Pompeo se reunió con el secretario de Estado vaticano, el cardenal italiano Pietro Parolin, y reiteró el rechazo de Washington a que la Santa Sede prorrogue un acuerdo de 2018 con China para la designación de obispos que vence el 22 de octubre.
A través de Parolin y del canciller de la Santa Sede, el arzobispo Paul Richard Gallagher, el Vaticano ratificó de todos modos su “intención y voluntad” de prorrogar el acuerdo.
Tras la reunión, el vocero papal Matteo Bruni sostuvo en un comunicado que las dos partes “presentaron sus respectivas posiciones sobre las relaciones con la República Popular China, en un ambiente de respeto, distensión y cordialidad”.
Además, según Bruni, durante la reunión, Pompeo, Parolin y Gallagher abordaron temas “de algunas zonas de conflicto y crisis, en particular el Cáucaso, Medio Oriente y el Mediterráneo oriental”.
Tras el encuentro, la Cancillería china respaldó una vez más el acercamiento con Roma y emitió un comunicado en el que expresó que “en los últimos años, con los esfuerzos conjuntos de ambas partes, las relaciones China-Vaticano continuaron mejorando”.
El rechazo público de Estados Unidos a la renovación del acuerdo entre China y Vaticano provocó un pico de tensión bilateral en las últimas semanas, luego de que Pompeo considerara que la extensión del acercamiento impulsado directamente por el papa Francisco pondría en riesgo la “autoridad moral” de la Santa Sede.

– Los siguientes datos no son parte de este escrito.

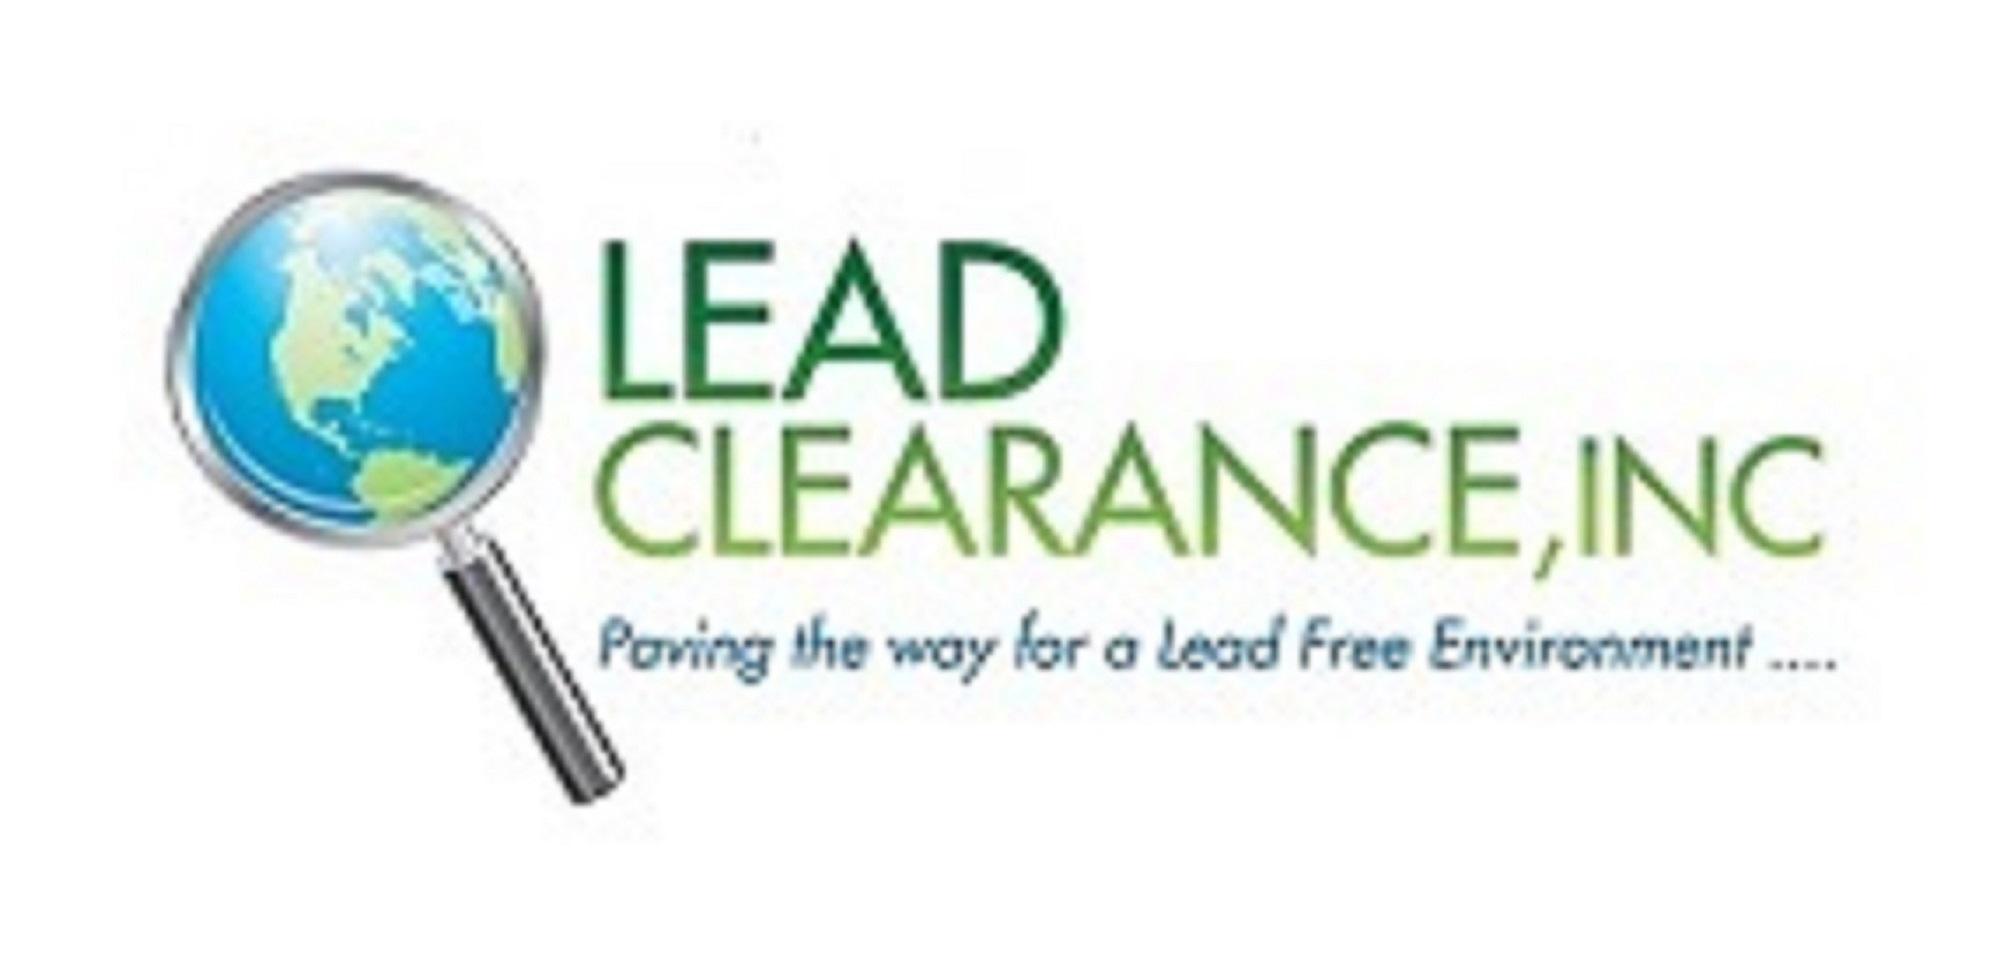 Lead Clearance Inc.

Pompeo había asegurado el miércoles que “en ningún lugar la libertad religiosa está más bajo ataque hoy que en China” y pidiera al Vaticano que frene la renovación del acuerdo vigente.
Tras las críticas de Pompeo, dos de los integrantes del consejo de seis cardenales asesores del Papa, Parolin y el hondureño Oscar Rodríguez Maradiaga, enmarcaron las presiones estadounidenses en la campaña electoral de ese país y plantearon que “actúa sólo mirando a las próximas elecciones”.
De hecho, Gallagher confirmó que la posible “utilización” de la figura del Papa en la campaña era el motivo por el que Francisco no recibió a Pompeo durante su gira de dos días en Roma.
Gallagher dijo además que los cuestionamientos de Pompeo fueron recibidos “críticamente” por la Santa Sede y lamentó que el funcionario no respetara “una de las reglas de la diplomacia”, al hacer públicas sus objeciones antes del encuentro.